» **Task input**
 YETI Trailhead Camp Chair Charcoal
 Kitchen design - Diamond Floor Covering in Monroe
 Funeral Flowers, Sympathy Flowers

==

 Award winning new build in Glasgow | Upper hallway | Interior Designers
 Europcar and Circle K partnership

» **Exercise instructions**
Above are the entries. Copy exactly the part that opens with the line containing "YETI Trailhead Camp Chair Charcoal" and closes with the line containing "Funeral Flowers, Sympathy Flowers", and no more.

» **Response to the exercise**
 YETI Trailhead Camp Chair Charcoal
 Kitchen design - Diamond Floor Covering in Monroe
 Funeral Flowers, Sympathy Flowers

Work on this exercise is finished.